We’re pleased to share Part 2 of Catherine’s article, continuing Sophie’s journey and offering further insight into the vibrant cultural life of the time.
It was when she was writing for and performing in Port Sunlight’s theatre that Sophie Somers was most visible to the local Wirral community. Her love for the stage should – perhaps - not come as a surprise. Somers’s family tree is a starry one. Her father was a well-known variety theatre agent, her cousins included the impresario, theatre manager, theatre agent and MP Sir Walter de Frece and well-known singer Lauri de Frece, and she was related by marriage to the celebrity music-hall star Vesta Tilley and leading actress Fay Compton. Theatres were familiar spaces for the Somers family.

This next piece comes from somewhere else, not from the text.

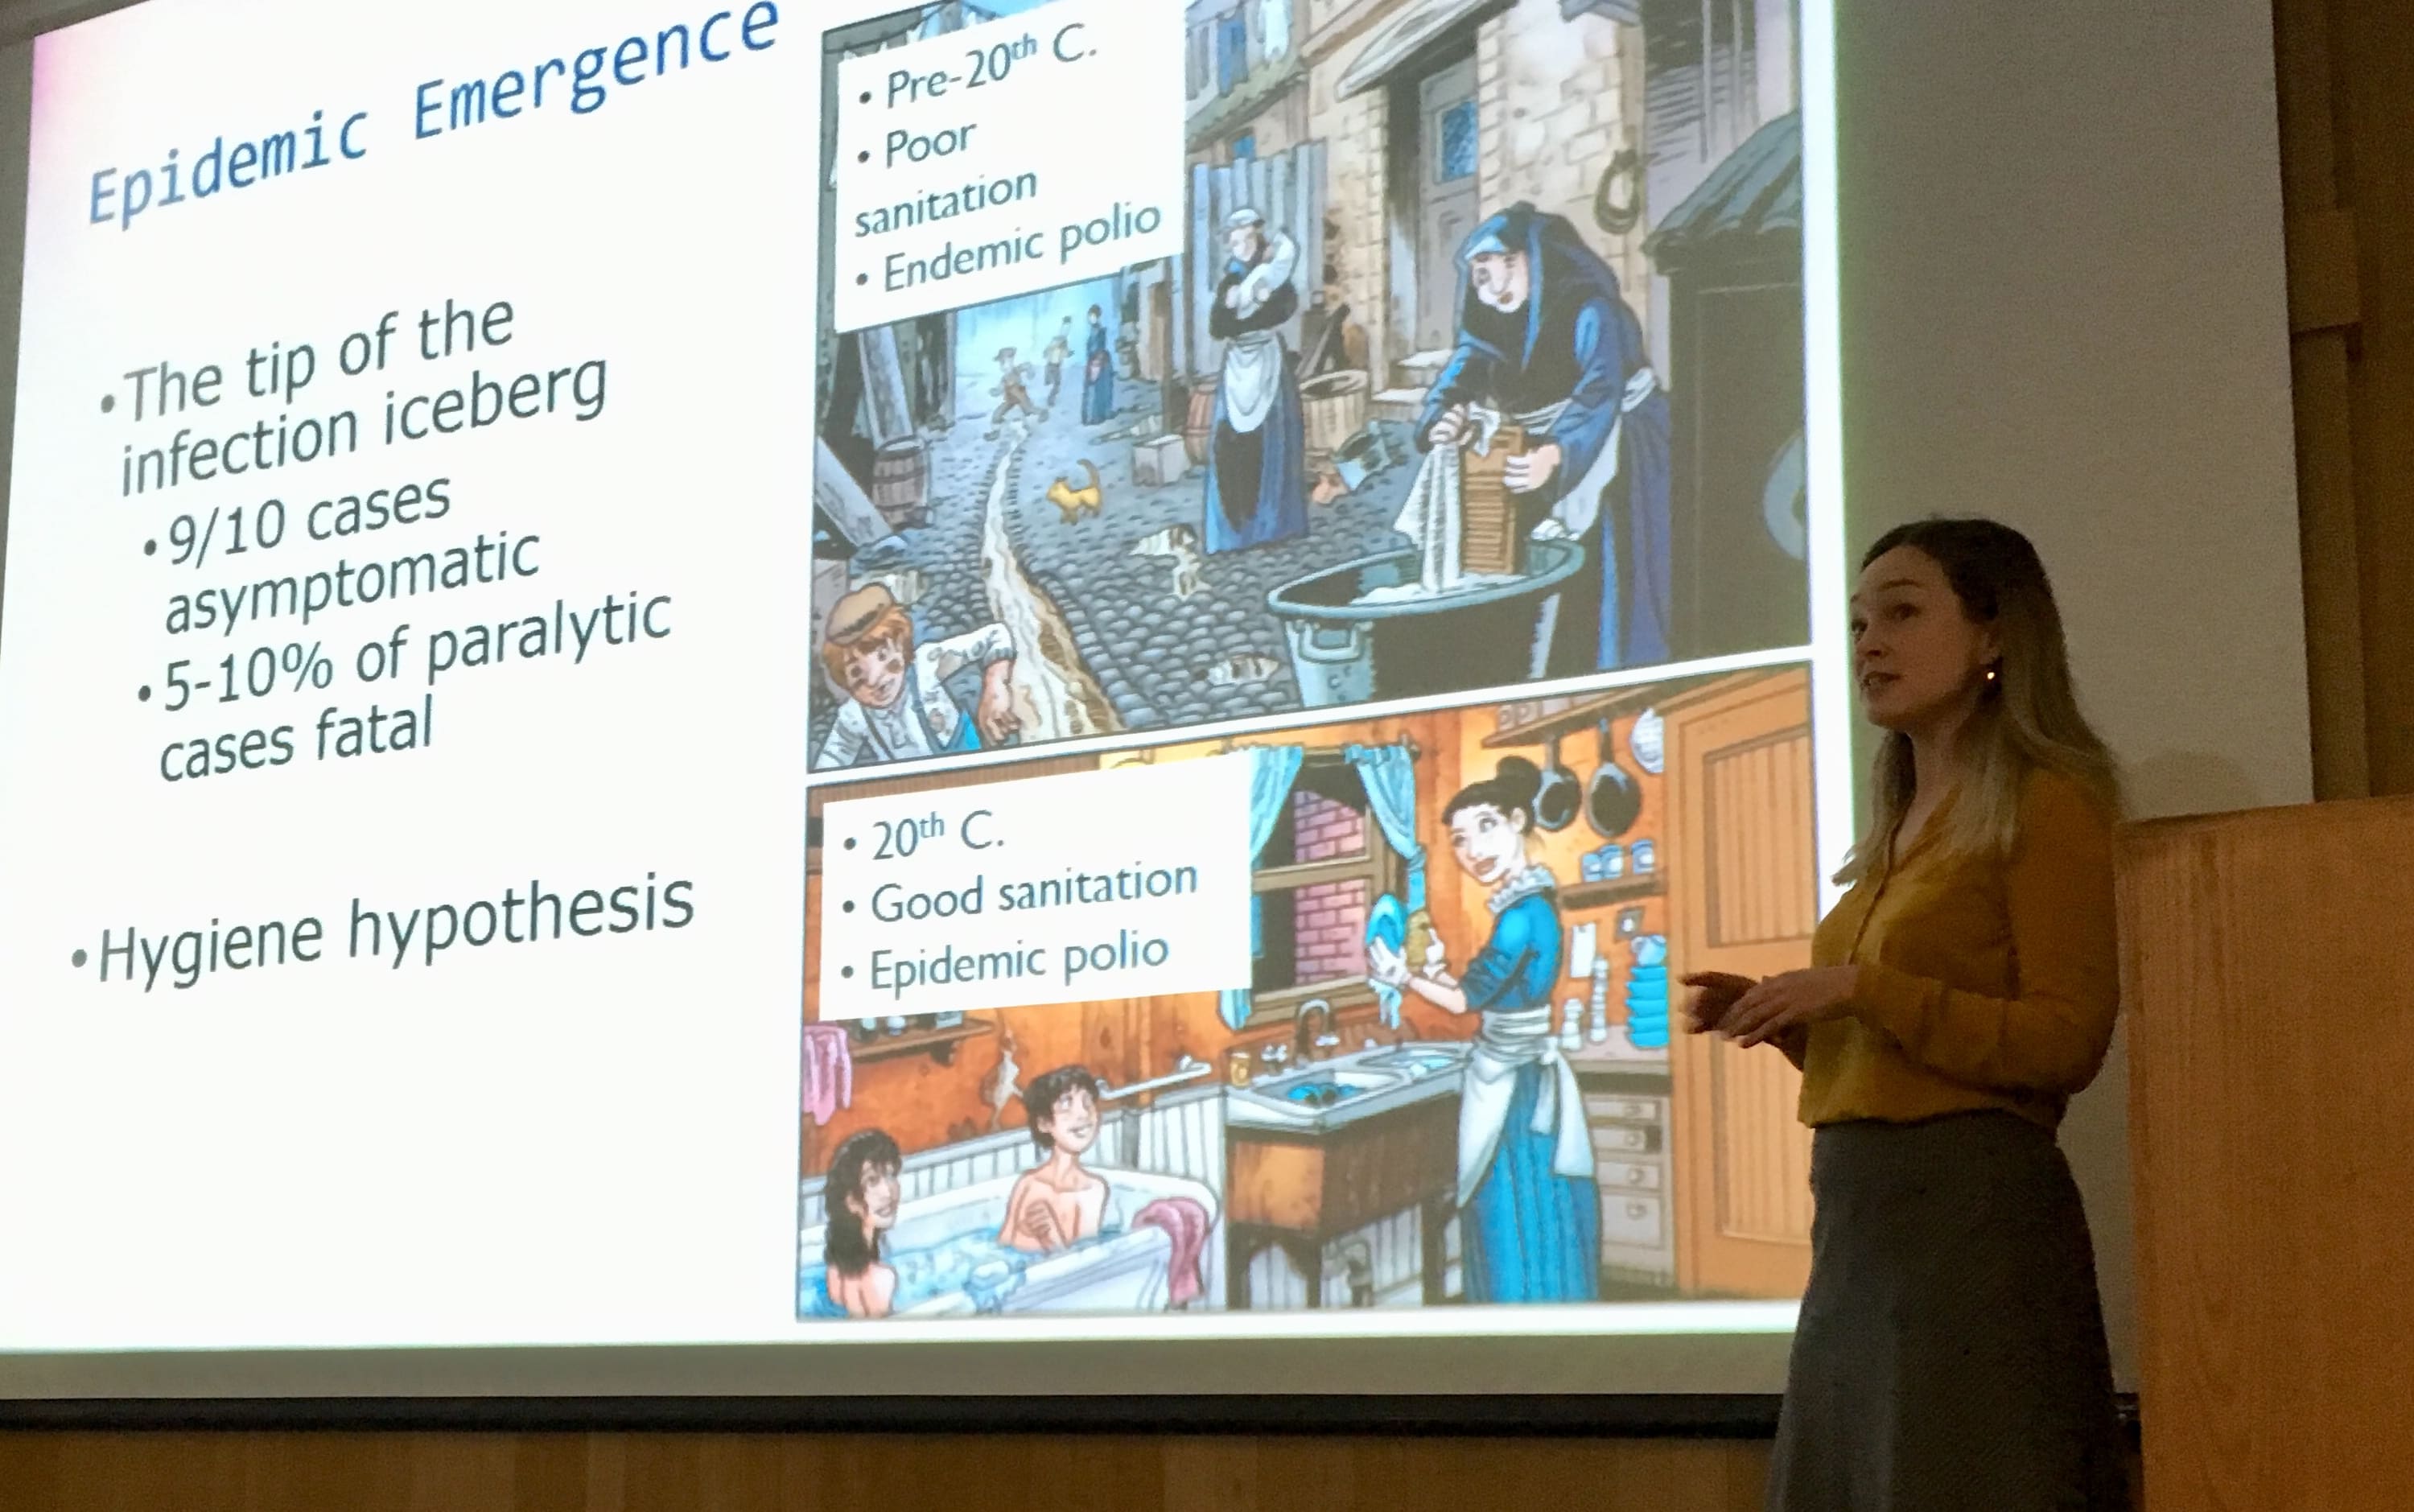 Dr Heather Battles giving a lecture on the 1916 polio epidemic in New Zealand at the University of Alaska Anchorage in 2018.
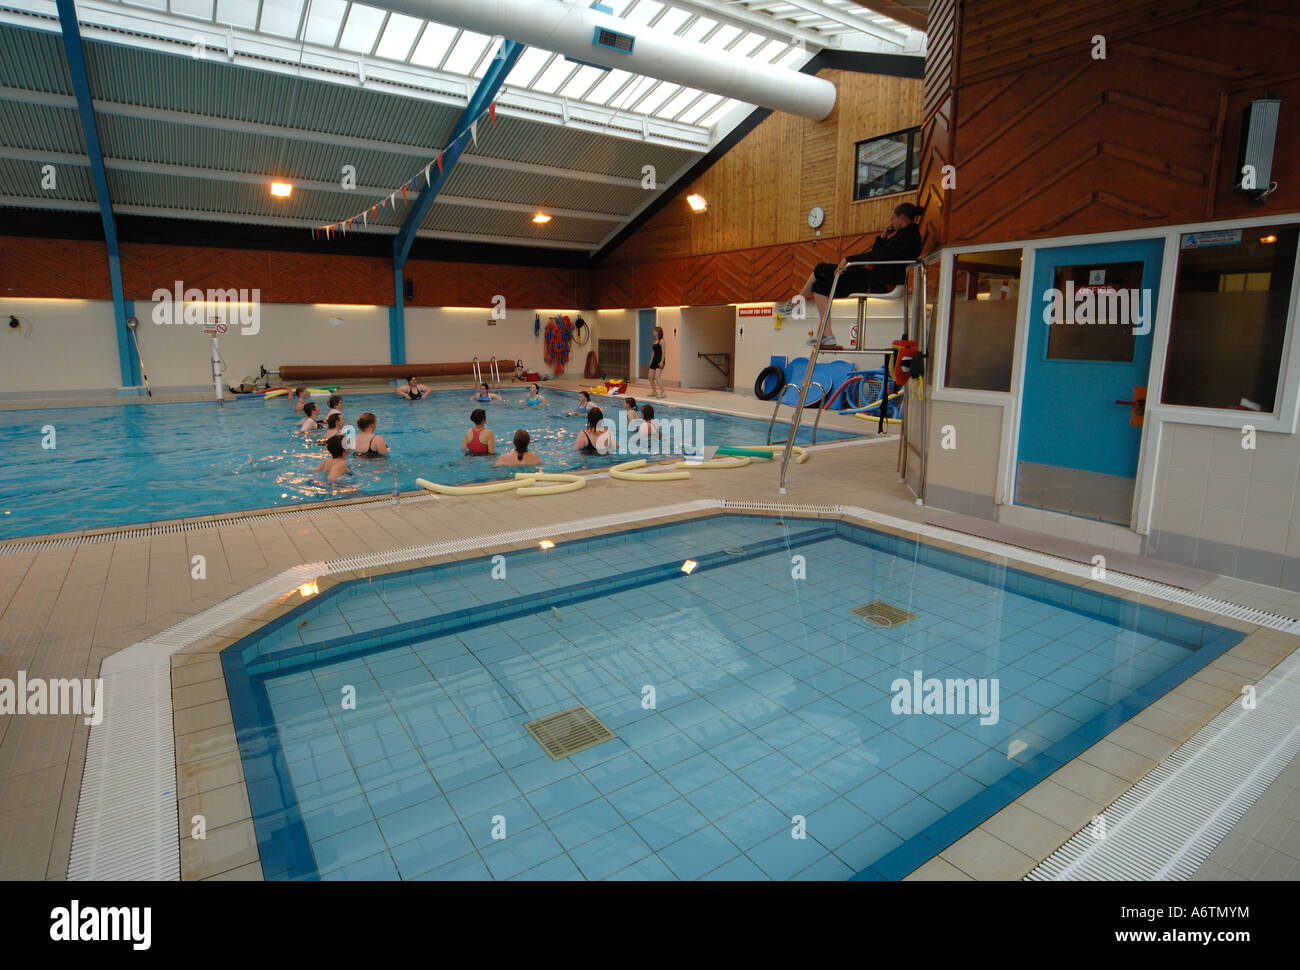 https://c8.alamy.com/comp/A6TMYM/stanley-leisure-centre-swimming-pool-in-stanley-the-capital-of-the-A6TMYM.jpg

Port Sunlight’s village dramatic society had been based at the Gladstone Hall since it was established in 1894. In 1921, they renamed themselves The Port Sunlight Player and Sophie became an important member; writing, performing, organising performances, and serving as the society’s chair. Theatre also became key to the charitable and fundraising activities she was heavily involved in. During the Second World War she chaired a group that brought together all the dramatic societies in the area to stage fundraising entertainments in aid of troops and families affected by the war. Further afield, Sophie was involved in Liverpool’s theatre. Her one-act comedy An Empress Intrudes - written under the pen name of George Hewitt – was produced at the Liverpool Playhouse in 1925. Sophie’s significance to Port Sunlight’s theatre was memorialised in the Sophie Somers trophy, awarded at Unilever’s drama festivals during the mid twentieth century.
The wide range of theatrical, public, and civic activities Sophie Somers was involved in also brought her in regular close contact with the Lever family. When the Bebington Soroptimists were founded in 1945, Freda Leverhulme (William Hulme’s second wife) was elected vice president to Sophie’s president. More familiar for most were the village pantomimes written by Sophie and William Hulme Lever during the 1930s. Staged annually at the Gladstone Hall, they became a Port Sunlight tradition. The scripts and photographs that remain are still funny, packed with in-jokes about people, places, and activities targeted at the local community, and with wider political and social commentaries. Sophie was - for several years - the lead writer on the shows, with William Hulme contributing songs and some content. As the decade progressed, Lever became more involved, with the two taking a block of time in the Summer to write the script for each Christmas event.
For Sophie Somers Port Sunlight’s theatre offered a way to develop a public professional identity. As a single, professional woman it also likely offered a sense of community outside of the office. The early twentieth century was the age of personality; in business and in the wider world. A consistent strand in records, accounts, and images of Sophie Somers is her charismatic personality, and particularly her sense of humour. Reviews of her stage roles and writing, including one in The Stage, record that she was funny - a particularly strong comic performer and writer of comedies. On- and off- stage, she was – it seems –skilled at telling a good story and cracking a good joke, and these were talents she used in her later professional and public life as a public speaker and BBC broadcaster on Women’s Hour and Make Do and Mend. Reports tell us of her ‘easy manner, very witty turn of phrase and pleasantly modulated voice’ that kept her listeners engaged and laughing during the regular after dinner speeches she gave to local groups. Sources of these comic speeches were often stories of the factory’s people and events. As ‘Sonia’ her factory magazine articles were funny, warm, compassionate responses to the demands of everyday life for women in the aftermath of the Second World War.
When Sophie Somers retired from Lever Bros in 1947, the two-page article on her life and career in the factory magazine was entitled – simply – ‘Sophie’. There was no need for her surname. People knew who she was. In 1965, an article in The Liverpool Echo stated that in Sophie Somers we can find ‘one of the most outstanding figures in Port Sunlight history’. Her obituary made the front page of The Birkenhead News. Seventy-five years later, she has more-or-less disappeared from history. But her story is important, because it offers a glimpse of how significant women leaders and theatre were in Lever’s factory and village and helps us better understand their rich, entangled business, social and cultural histories.